> [Given data]:

————

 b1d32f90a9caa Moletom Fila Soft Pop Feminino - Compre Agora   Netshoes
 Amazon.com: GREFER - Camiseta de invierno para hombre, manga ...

————

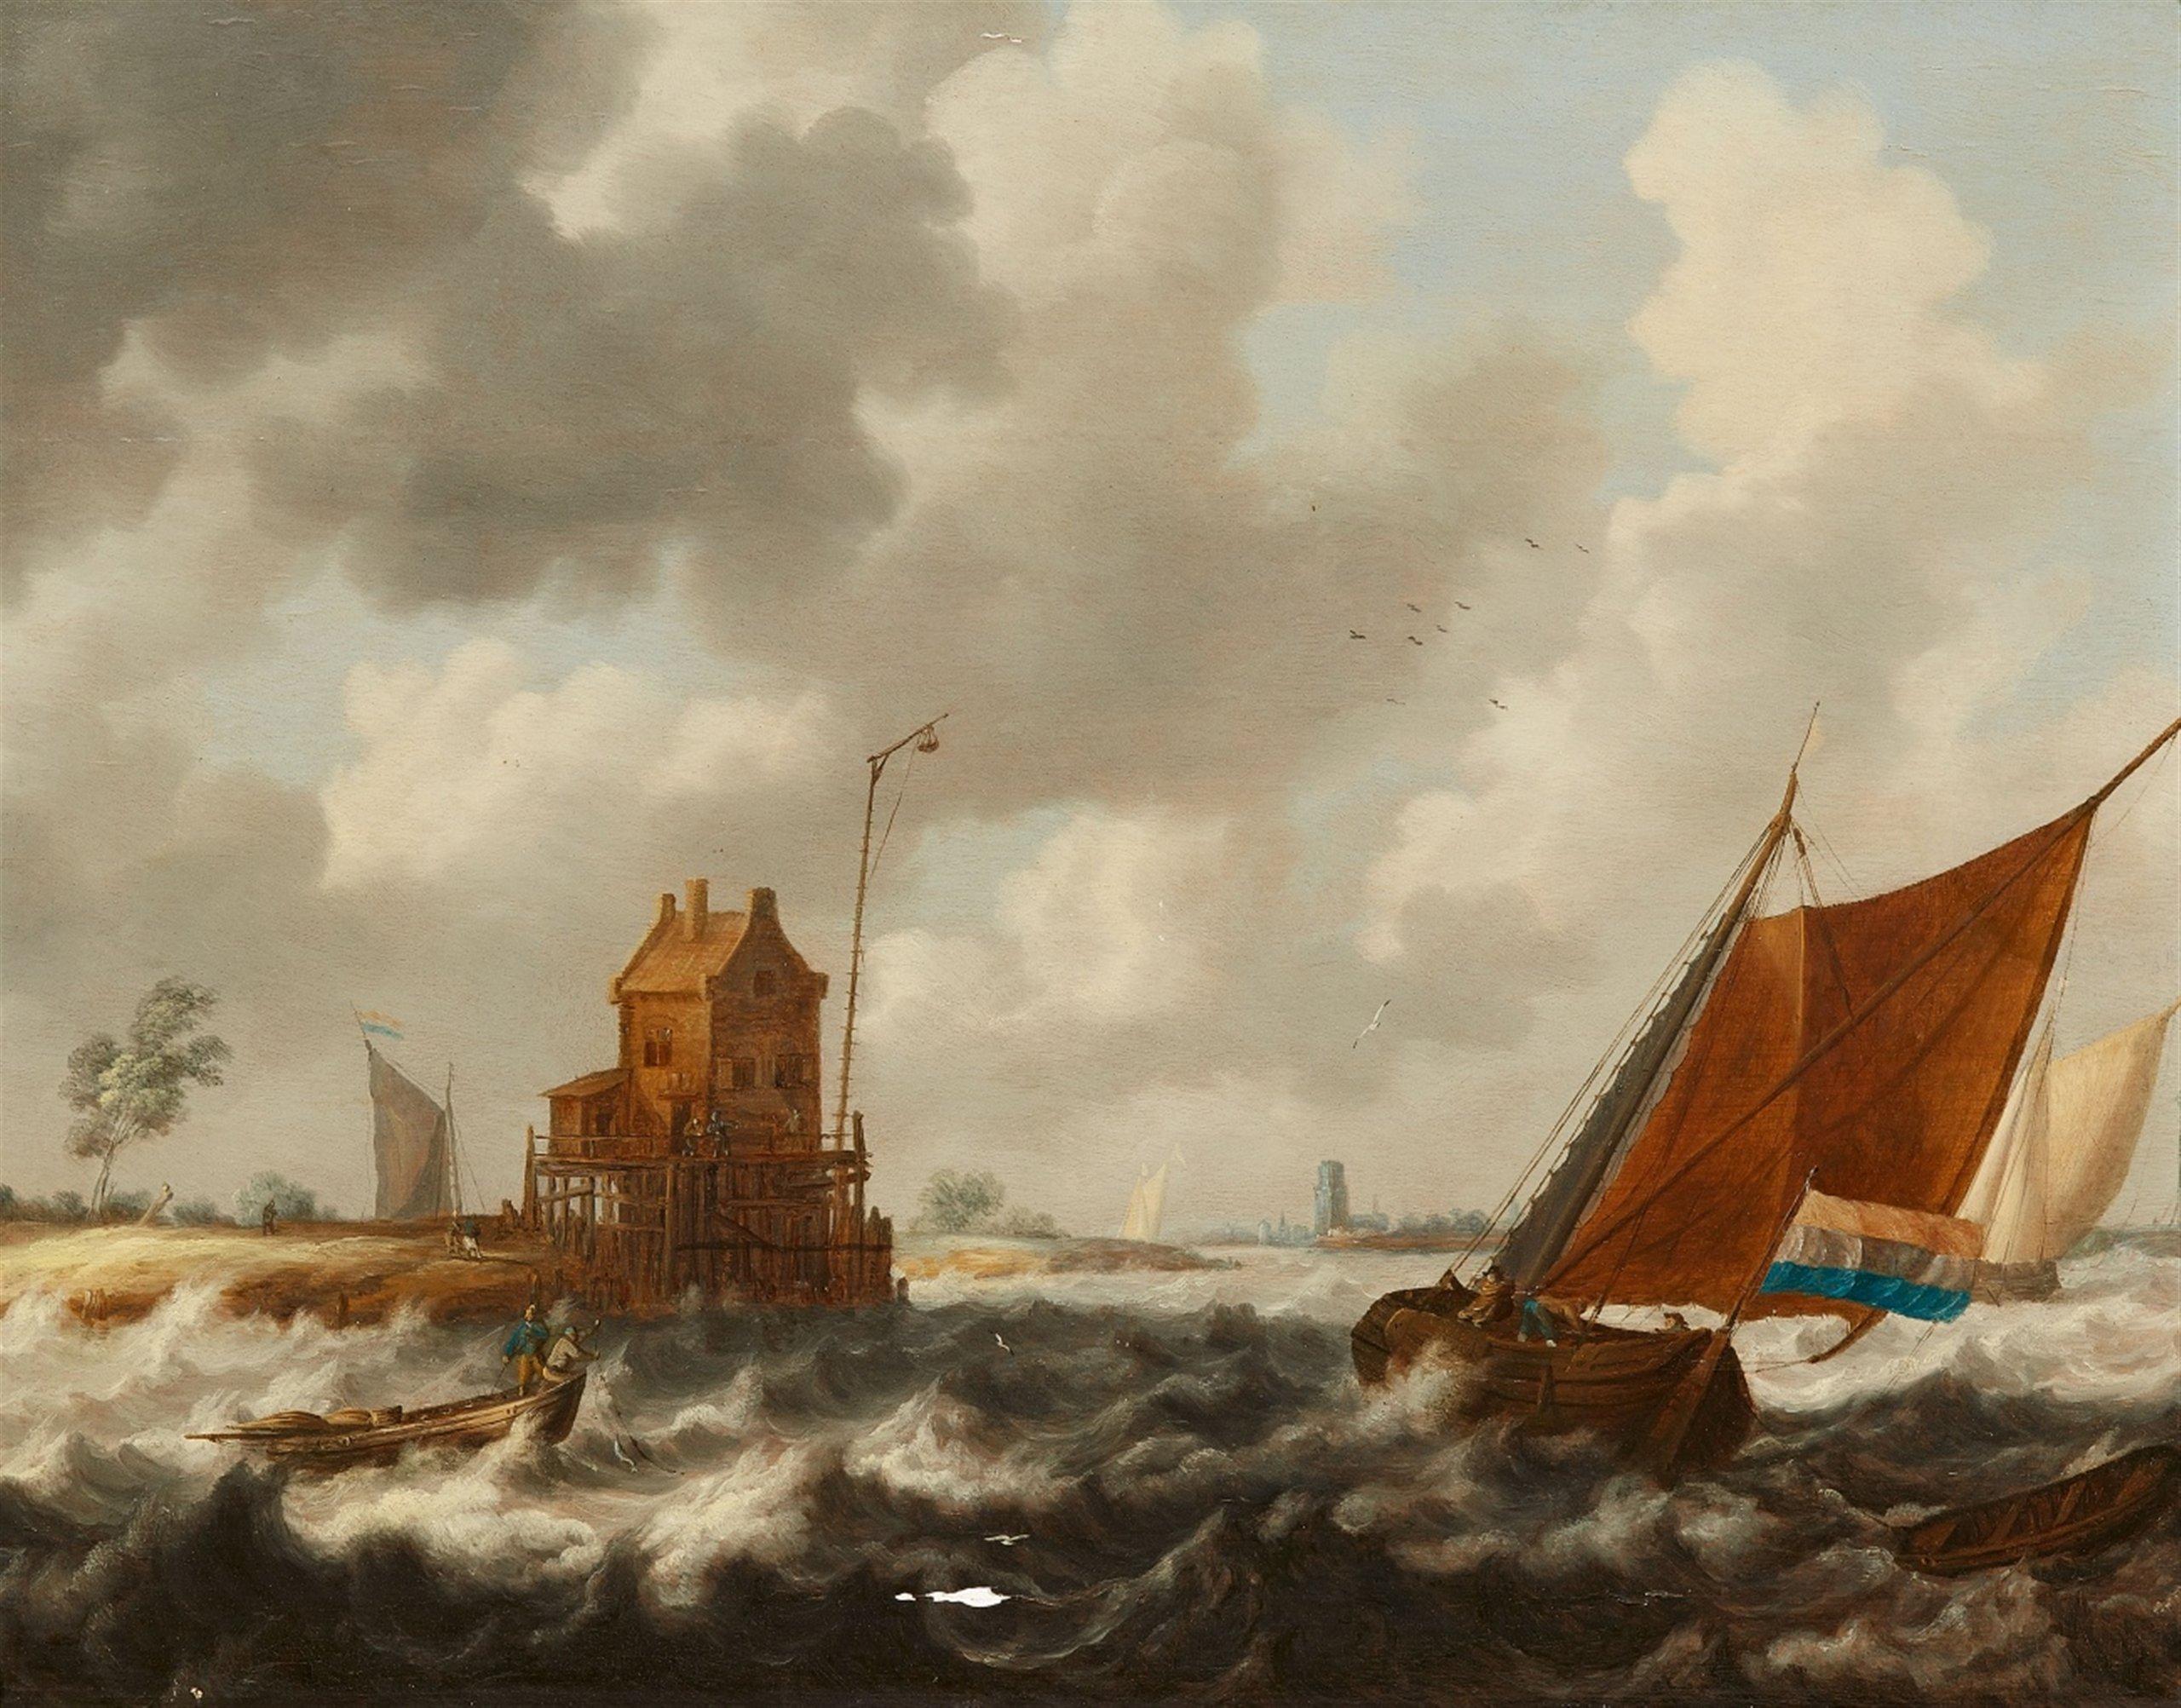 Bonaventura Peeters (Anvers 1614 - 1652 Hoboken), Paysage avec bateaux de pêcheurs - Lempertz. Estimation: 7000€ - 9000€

————

In the listing above, locate the line containing "b1d32f90a9caa Moletom Fila" and the line containing "Amazon.com: GREFER - Camiseta". Transcribe those two lines and everything between them, exactly as written.

> [Written answer]:
 b1d32f90a9caa Moletom Fila Soft Pop Feminino - Compre Agora   Netshoes
 Amazon.com: GREFER - Camiseta de invierno para hombre, manga ...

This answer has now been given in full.